1

I have a dataframe that can be reconstructed from the dict below.

The dataframe represents 23 statistics (X1-X23) for various cities around the world. Each city occupies a single row in the dataframe with the 23 statistics as separate columns.

My actual df has ~6 million cities so its a large dataframe.

What I want to do is:

Step#1: Identify clusters of cities based on the 23 statistics (X1-X23).

Step#2: Given the identified clusters in Step#1, I want to construct a portfolio of cities such that:

a) number of cities selected from any given cluster is limited (limit may be different for each cluster)

b) avoid certain clusters altogether

c) apply additional criteria to the portfolio selection such that the correlation of poor weather between cities in the portfolio is minimized and correlation of good weather between cities is maximized.

My problem set is such that the K for a K-means algo would be quite large but I'm not sure what that value is.

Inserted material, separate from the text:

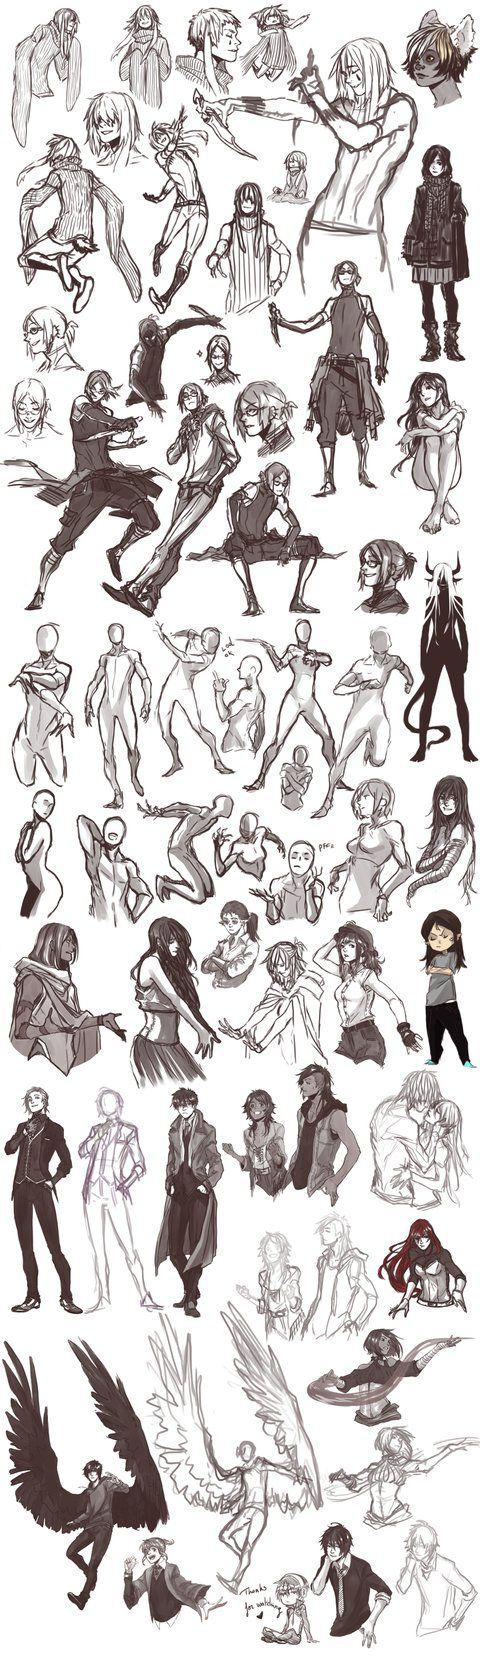 Sketch Dump 28 by Namonn on DeviantArt
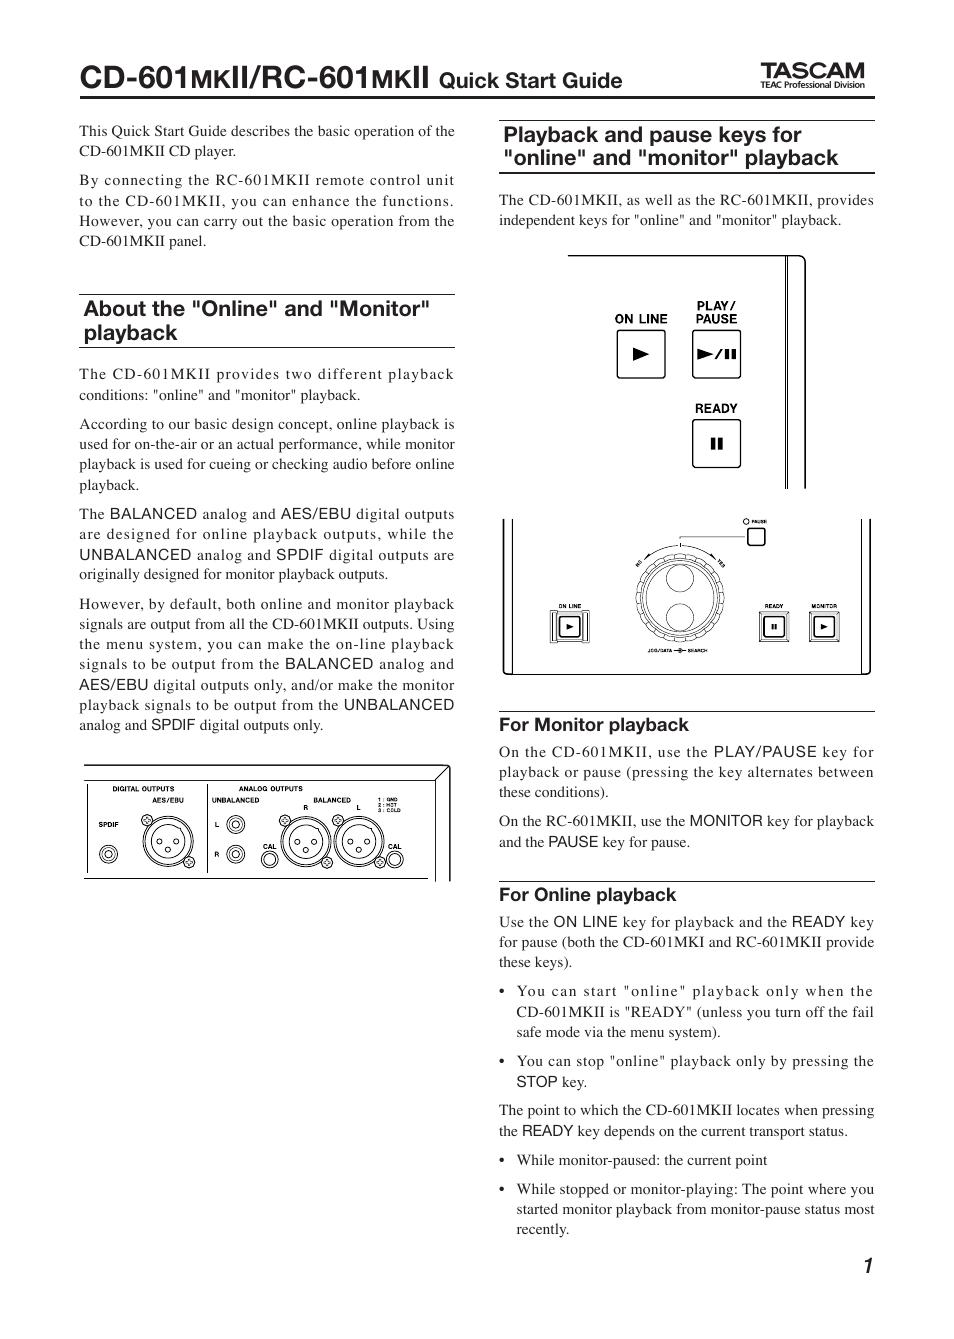 Cd-601, ii/rc-601, quick start guide | tascam cd-601mkii user.

I've been reading the following on clustering:

Cluster analysis in R: determine the optimal number of clusters

How do I determine k when using k-means clustering?

X-means: Extending K-means...

However, a lot of the literature is foreign to me and will take me months to understand. I'm not a data scientist and don't have the time to take a course on machine learning.

At this point I have the dataframe and am now twiddling my thumbs.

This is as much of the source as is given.